The Gibbs-Thompson relation provides a correlation between solubility and radius of curvature. Consider two spherical particles of radius r and R present in a solvent, with R >> r. The rate of dissolution of the smaller particles (the rate of decrease in its radius with time) is directly proportional to the difference in the solubility of the two particles times its surface area. Derive an expression of how the radius of the smaller particle evolves with time. Both particles are made of the same material which has an atomic volume of Ω, and have the same surface energy of γ.

Homework Equations

ln(S_c/S_infinity) = [(γ*Ω)/(K*T)]*[(1/R₁)+(1/R₂)]

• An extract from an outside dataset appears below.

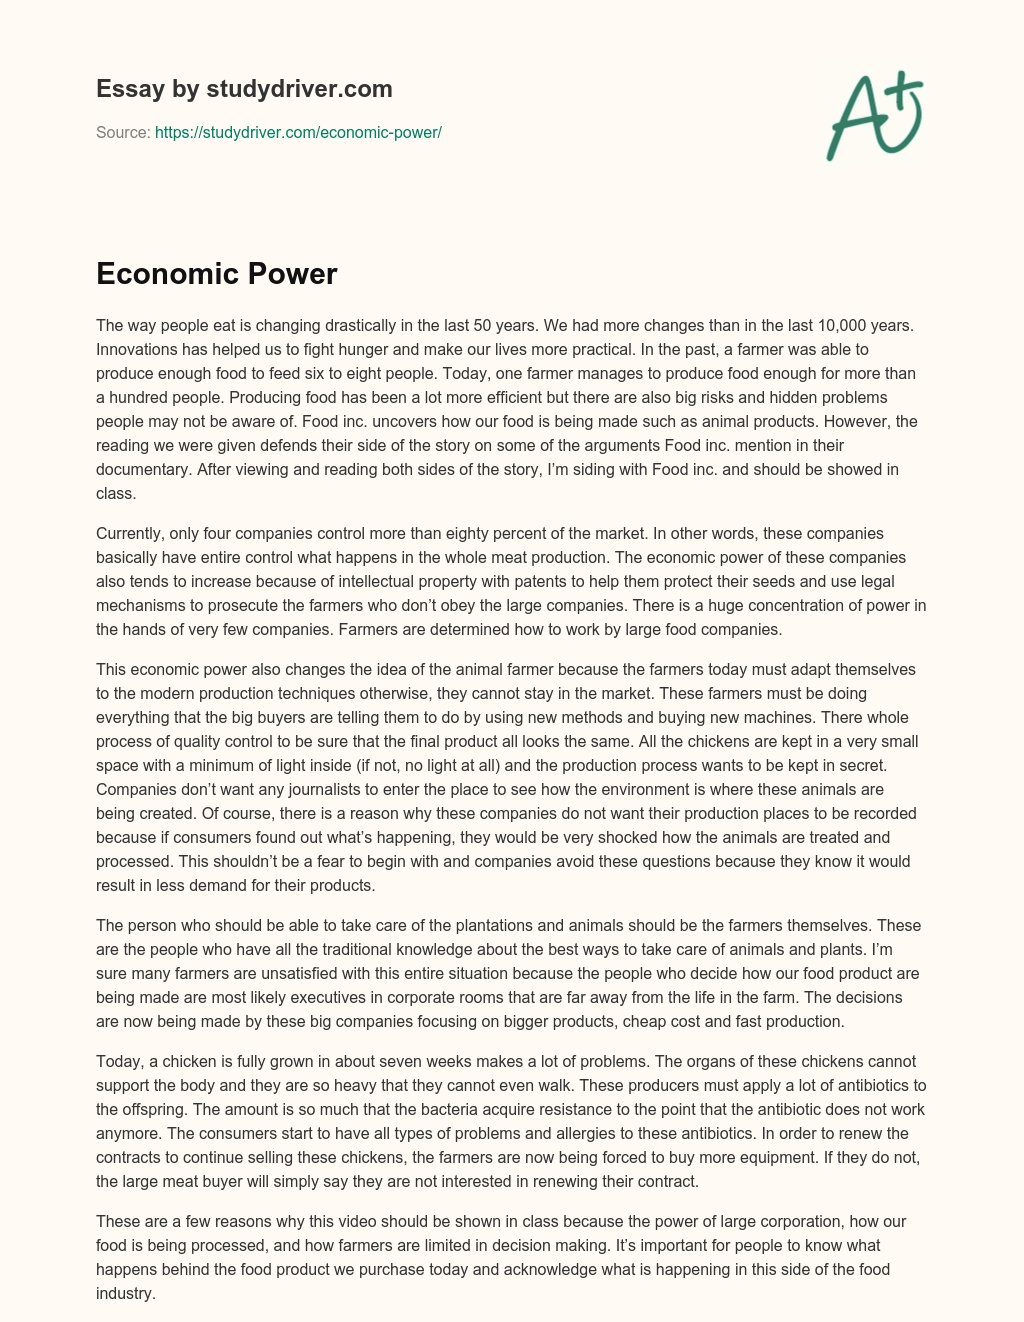 Economic Power essay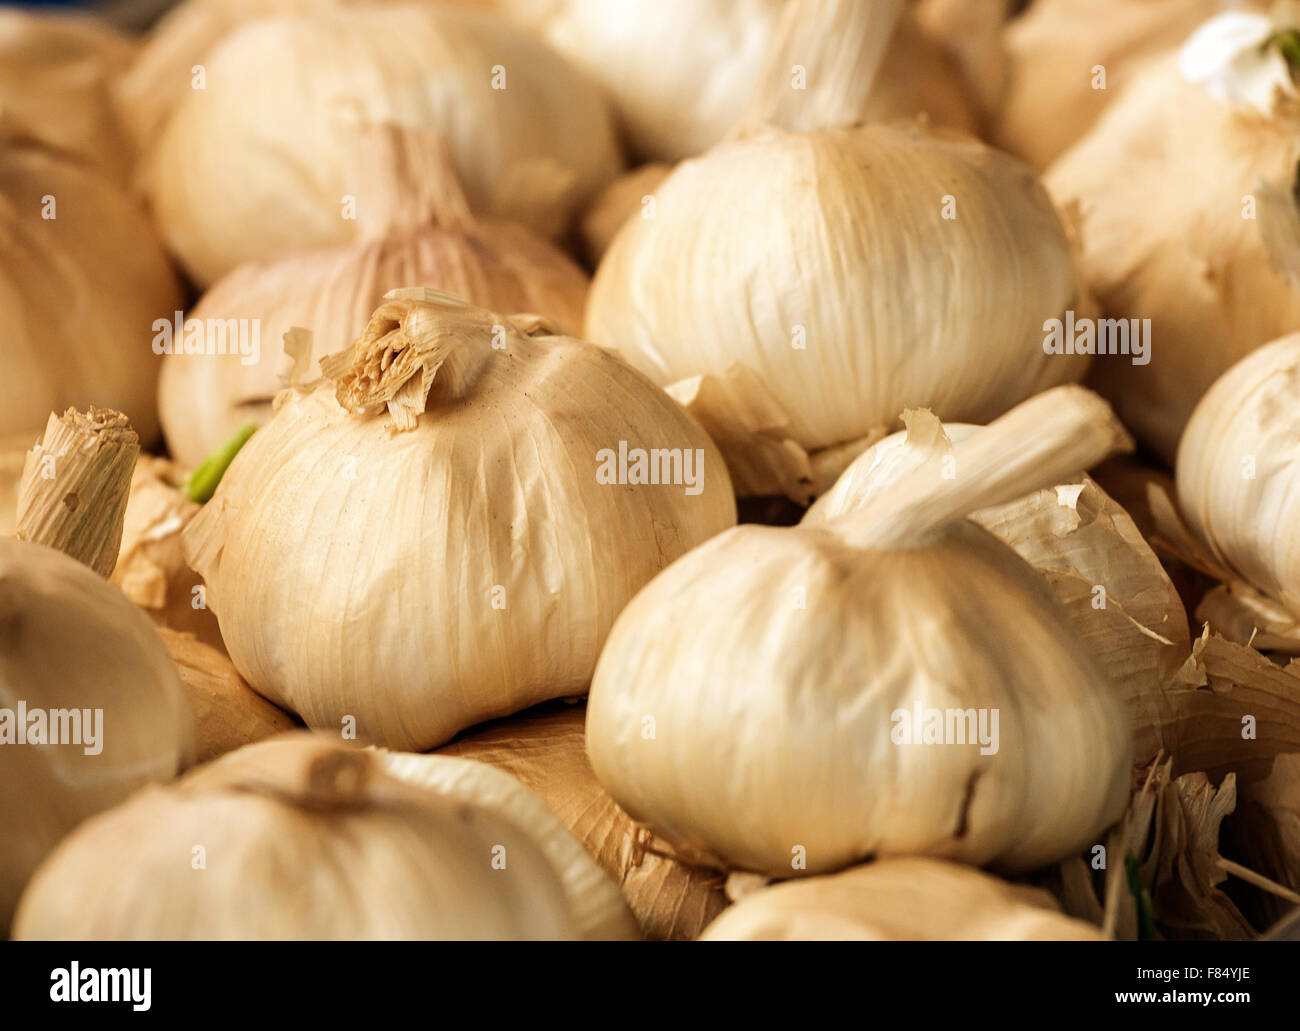 Geräuchertem Knoblauch Zwiebeln eine beliebte aromatische Zutat im modernen Bistro-Rezepte. Stockfoto

This is the Gibbs-Thompson relation. For a sphere, R₁=R₂

The Attempt at a Solution

So I think what this question is asking is to find an equation which equates the radius of the smaller particle with time. This has to do with an effect called Ostwald ripening where material from smaller particles is transferred to larger particles for some reason.

Let -d_r/d_t be the rate at which the the radius of the smaller particle changes with time. Apparently it is directly proportional to the difference in the solubility of the two particles times its surface area (I assume it means the surface area of the smaller particle).

So uh... I think you need to solve for solubility of each particle and then find the difference. Multiply that difference by the SA of the smaller particle. Set that equal to the rate at which the radius of the smaller particle decreases. And then integrate to find an expression which relates r to t.

 

[Nino MMP]

But I'm really confused about how to solve for the solubility of each particle. Any help would be appreciated!